Lindstrom and his colleagues report their findings in the current issue of Nutrition & Metabolism. They focused on 18 normal-weight healthy participants, averaging 26 years of age. For one month, all 18 were placed on a restricted physical activity regimen that involved the equivalent of no more than 5,000 steps per day. Five thousand steps, the team noted, is the threshold for a "sedentary" lifestyle, whereas a "physically active" lifestyle involved 10,000 steps or more. In addition, participants embarked on diets involving a 70 percent jump in daily caloric intake mainly from fast food amounting to about 5,750 calories ingested per day. The research also included a comparison group who did not change their diet/activity.

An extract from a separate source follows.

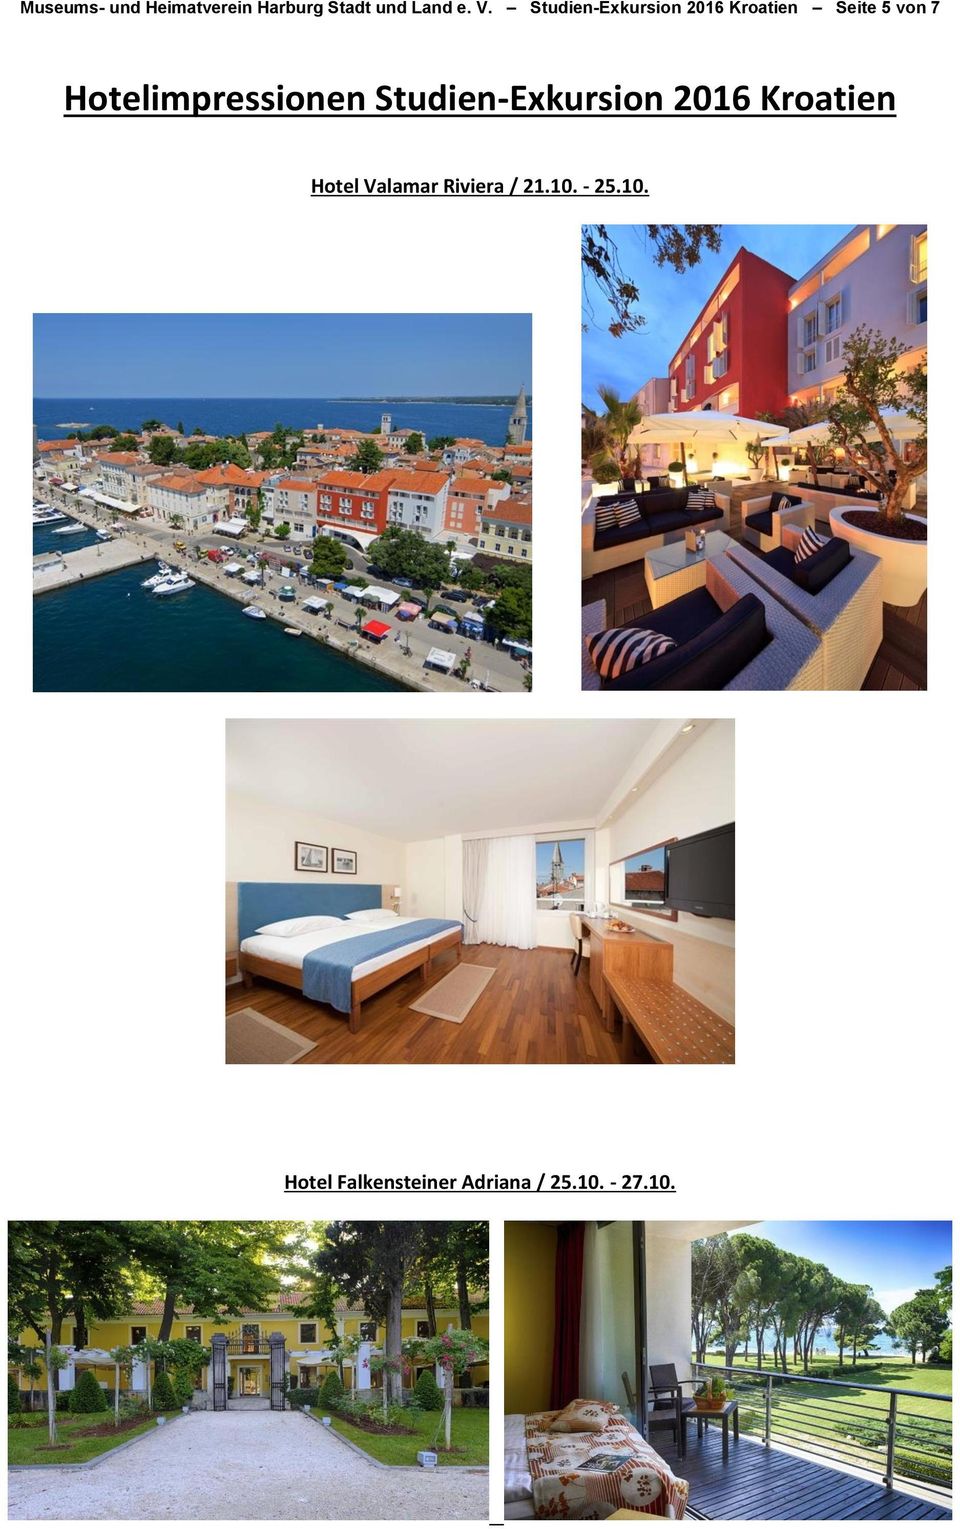 Hotelimpressionen Studien-Exkursion 2016 Kroatien Hotel

By the end of the month, the feasting group gained an average of 14 pounds. Their fat mass, specifically, was found to have gone up from about 20 percent of total body weight, to nearly 24 percent after the month-long intervention. Participants lost most of that new weight over the ensuing six months. However, one year after the study's end, participants still registered a noticeable gain in fat mass compared with their pre-study status. This fat stuck around despite the fact that the participants had returned to their lower-calorie pre-study diet and more active routines. Two-and-a-half years after the study, fat mass gains were even greater, registering just under 7 pounds on average, the researchers found. There was no such long-term change among the control group who had stuck to their usual diet.